Although it is certainly possible that Burkwit may have “declined from objecting further for
strategic purposes, the absence of a contemporaneous objection requires the [c]ourt to find
flagrant abuse before granting a new trial.” Claudio v. Mattituck-Cutchogue Union Free Sch.
Dist., 955 F. Supp. 2d at 156 (internal quotations omitted); see also Datskow, 826 F. Supp. at 687
(“[a] principle that strikes very deep is that a new trial will not be granted on grounds not called
to the court’s attention during the trial unless the error was so fundamental that gross injustice
would result”) (quotations omitted).
Moreover, I carefully instructed the jury both at the beginning of the trial and
again after the close of proof that an attorney’s statements and questions are not evidence. (Tr. A
38
14, 19, 527, 1458). Further, after the conclusion of Ash’s summation, I identified several
statements in the summation, including his statements about plaintiffs’ failure to introduce into
evidence certain deposition testimony and Levine’s expert report, that required curative
instructions, despite the absence of objections by plaintiffs. (Tr. B 57-62). Despite their failure
to object at the time, plaintiffs now maintain that they are entitled to a new trial based in part on
those statements. (Docket # 170 at ¶¶ 373, 377). Specifically, although not noted by plaintiffs in
their post-trial submission, the Court instructed the jury as follows:
There was a comment or discussion about Mr.

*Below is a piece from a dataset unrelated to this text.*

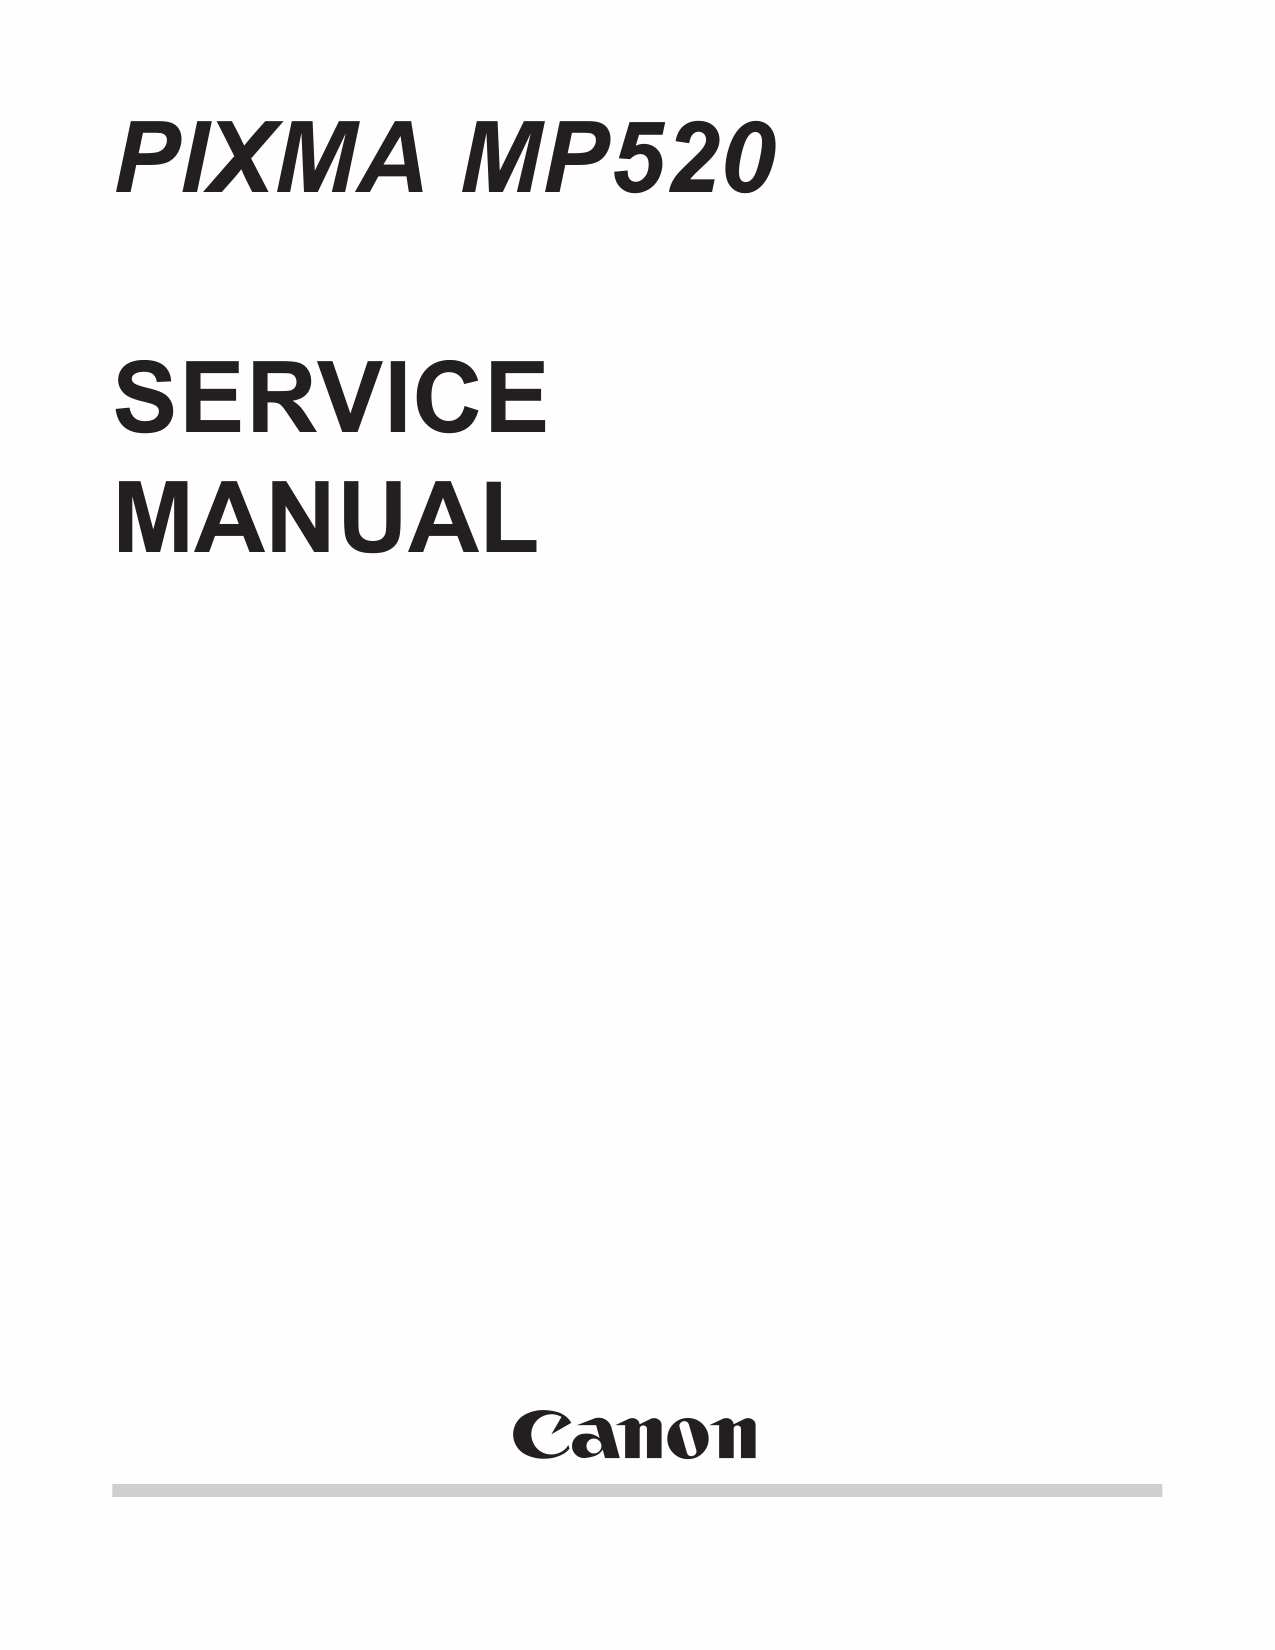 Canon PIXMA MP520 Parts and Service Manual-1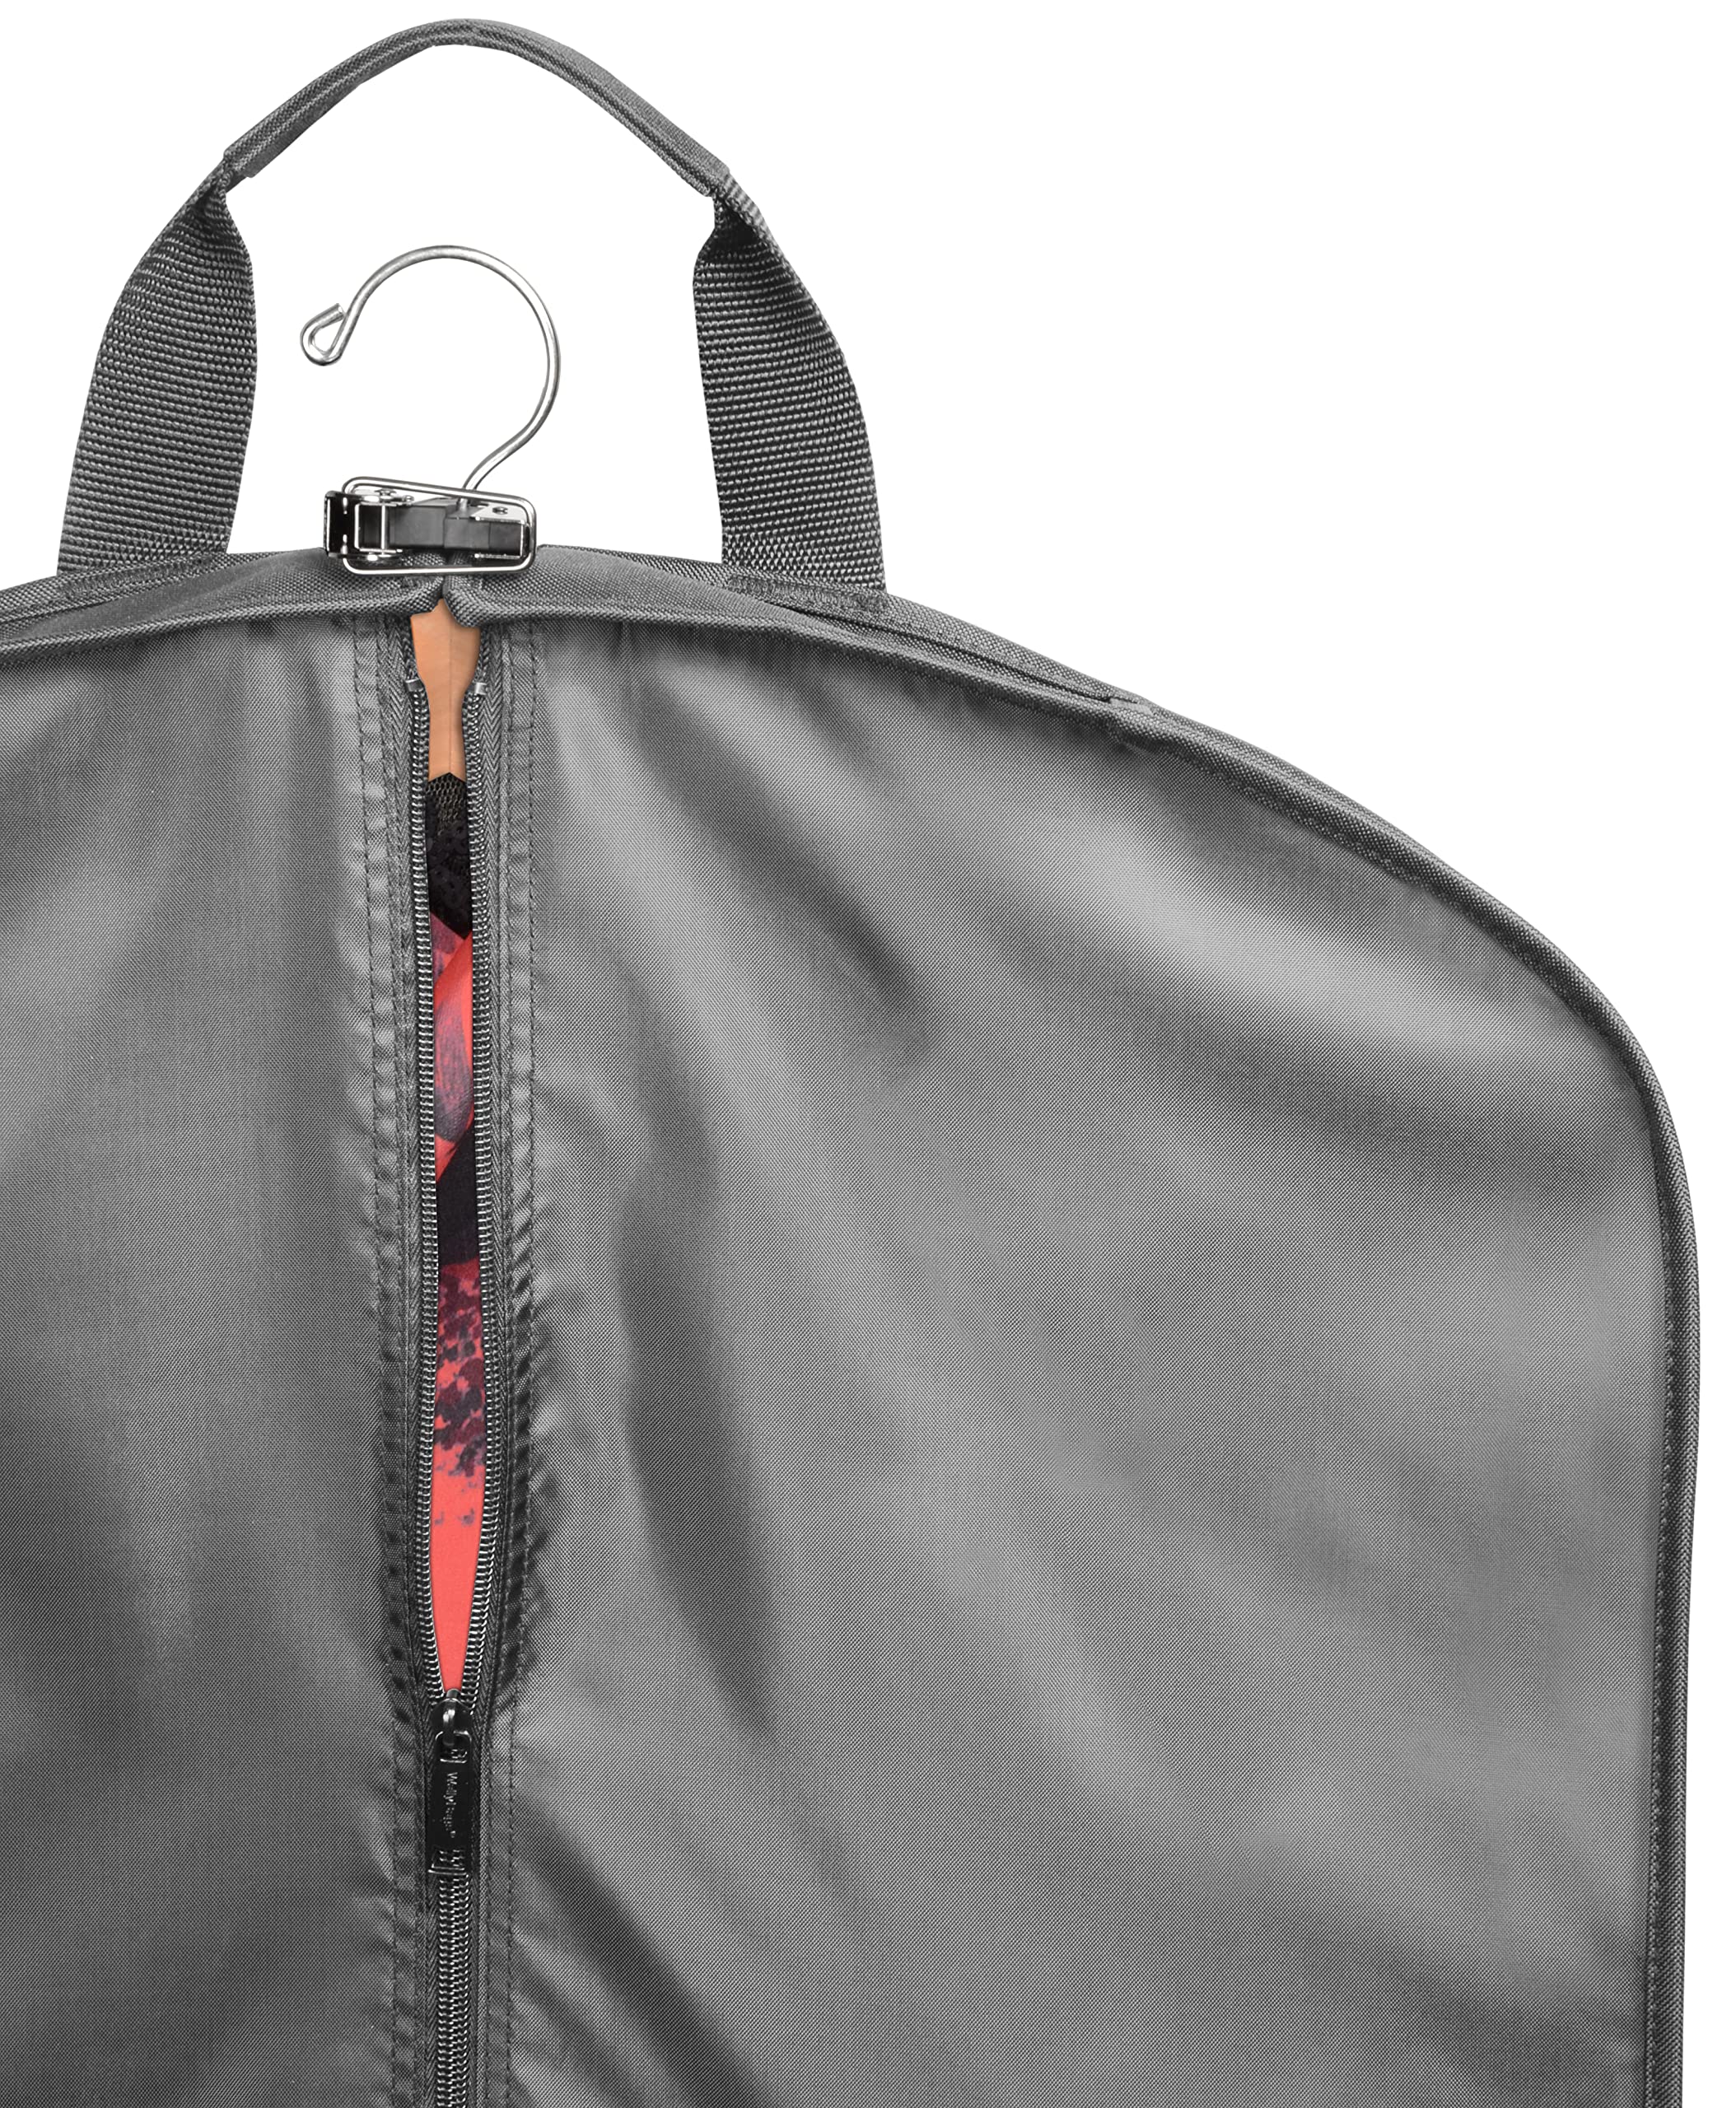 WallyBags 60 Travel Garment Bag - Black

Burkwit reading in
certain deposition testimony and what the jury should understand
is that there are evidentiary rules which permit some testimony to
come in, some prior testimony like deposition testimony, and there
are rules which preclude other testimony from being offered.
Testimony of a party opponent may be offered. A party
representative may be offered. But generally speaking, prior
deposition testimony of a witness is not permitted to come in under
the rules of evidence.
With respect to a comment concerning the reason why Mr.
Burkwit may not have offered Mr. Levine’s report, what you
should understand, again, is that there are rules that govern the
admission of certain evidence and you shouldn’t speculate or draw
any conclusions about why Mr. Burkwit chose to offer Mr.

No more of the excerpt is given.